Since most everyone in the city seems to stay at home, I’ve usually been spending Sundays catching up on my reading and writing. But this time I went out with Awoko employee Michael to explore some of the city. From downtown, we took a taxi to the transit hub near the popular Lumley Beach, but instead of going there we headed to another, less touristy beach. On the way we walked over a vehicle bridge over a shallow stream. On the banks of the stream below, people in simple houses hung out their clothes to dry. Parallel to this bridge was the older one, just wide enough for a single car to pass. Beyond, the green hills overlooking Freetown looked unusually vivid as the sinking sun bathed them in light.
We passed a military base near the beach, and the adjacent primary school for military children. The roofs of the school buildings were all made of simple tin sheeting.
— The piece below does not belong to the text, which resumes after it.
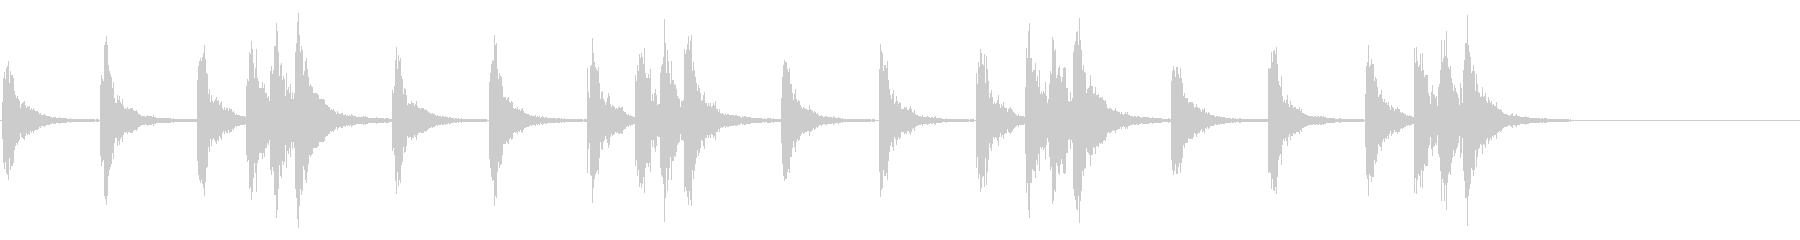 和太鼓 たんたんたんどどたんx4の未再生の波形
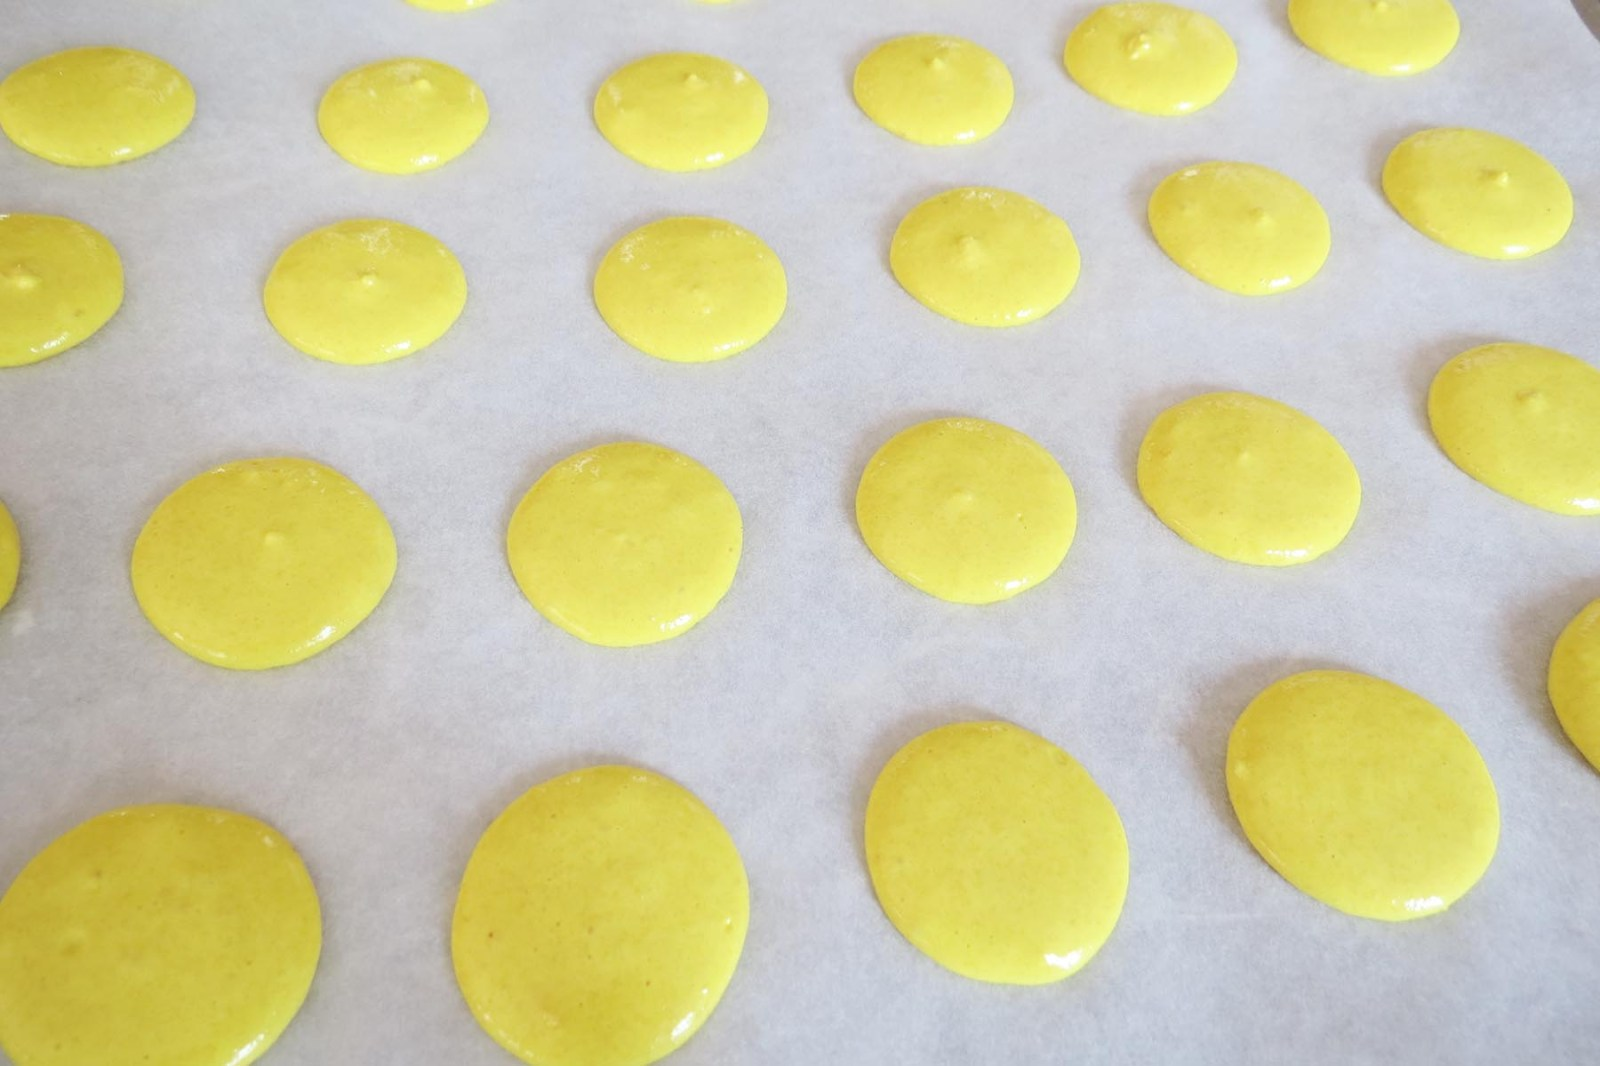 macaroons-before-baking

When we arrived, the beach was mostly empty, but we saw about a dozen people heaving a colorful fishing boat over the sand toward the water. Michael explained that this beach was mostly used by fishermen, and not recreational beach goers. Fishermen go out on the water all times of day and night to try and make a meager profit from their fishing. Sure enough, out on the grey water five or six wooden boats bobbed in place.
The beach was scattered with fishing boats, some of them broken skeletons. There were shacks above the shoreline where some fishermen lived and processed their early morning catches. Near the shacks, I saw some young pigs rooting around in the sand.
At the end of the beach we reached the fisherman’s wharf. Dozens of painted boats filled with nets, were parked in some shallow water, and the route through the area required walking over them. We entered a small settlement for fishermen, the place where the day’s catch was usually processed. Michael told me this community was similar to the Kroo Bay slum which I visited a few days before. There were more pigs, and goats, their snouts leading them to scraps of food. As it was getting dark, not many people were out.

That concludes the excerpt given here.